Personal information
- Full name: Kamilla Birkedal Larsen
- Born: 2 September 1983 (age 42) Jyderup, Denmark
- Nationality: Danish
- Height: 1.85 m (6 ft 1 in)
- Playing position: Line player

Club information
- Current club: Odense Håndbold
- Number: 18

Senior clubs
- Years: Team
- 2001–2007: Slagelse DT
- 2007–2009: GOG Svendborg TGI
- 2009–2022: Odense Håndbold

National team
- Years: Team / Apps / (Gls)
- 2005–2011: Denmark / 99 / (157)

Medal record
European Championship
| Bronze medal – third place | 2010 Denmark/Norway |  |

= Kamilla Larsen =

Danish handball player (born 1983)

Kamilla Birkedal Larsen (née Kristensen; born 2 September 1983) is a Danish former team handball player.

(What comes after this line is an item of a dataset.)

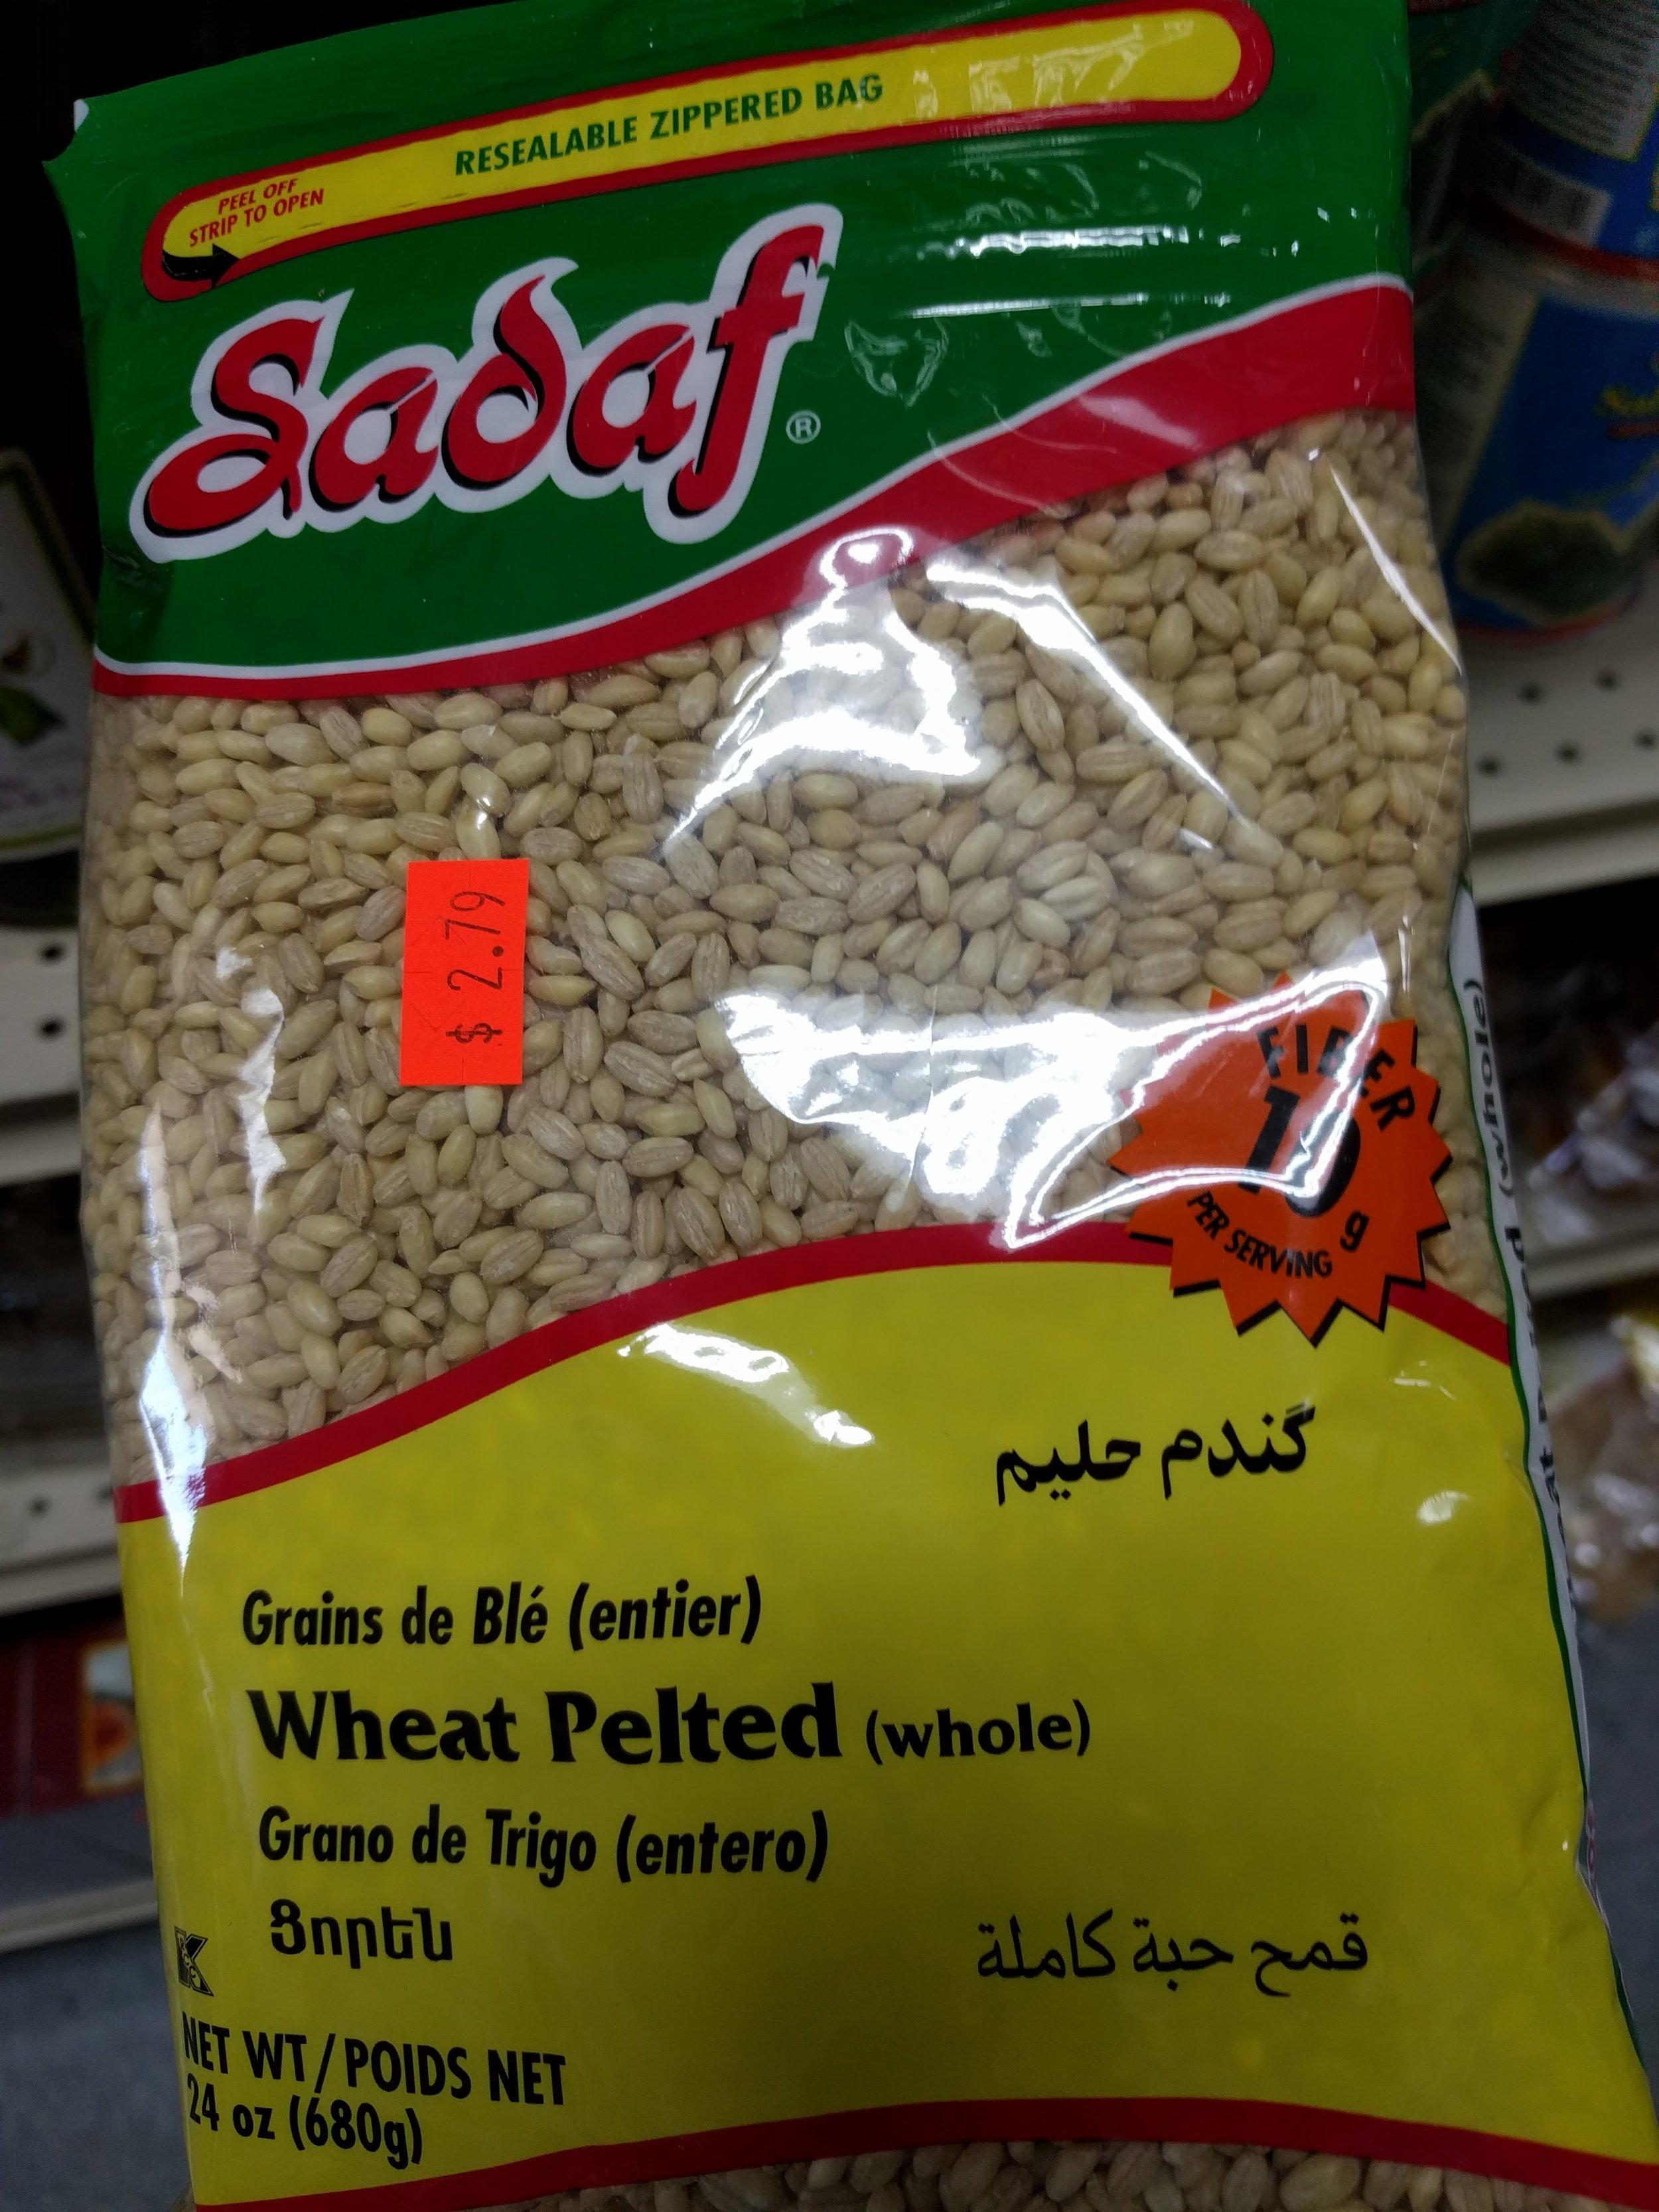 Wheat-Pekted-Whole-Pak-Halal-International-Foods-12259-W-87th-St-Pkwy-Lenexa-KS-66215.jpg

She has played for Handball Club Odense and for the Danish women's national handball team. She retired when her contract with HC Odense expired, although she has said, that she wanted to continue. She attended Kalundborg Gymnasium.

After her playing career, she has continued in Handball as a sports agent.

At the 2010 European Women's Handball Championship she reached the bronze final and placed fourth with the Danish team.

She is married with the Greenlandic handball coach and former player Jakob Larsen.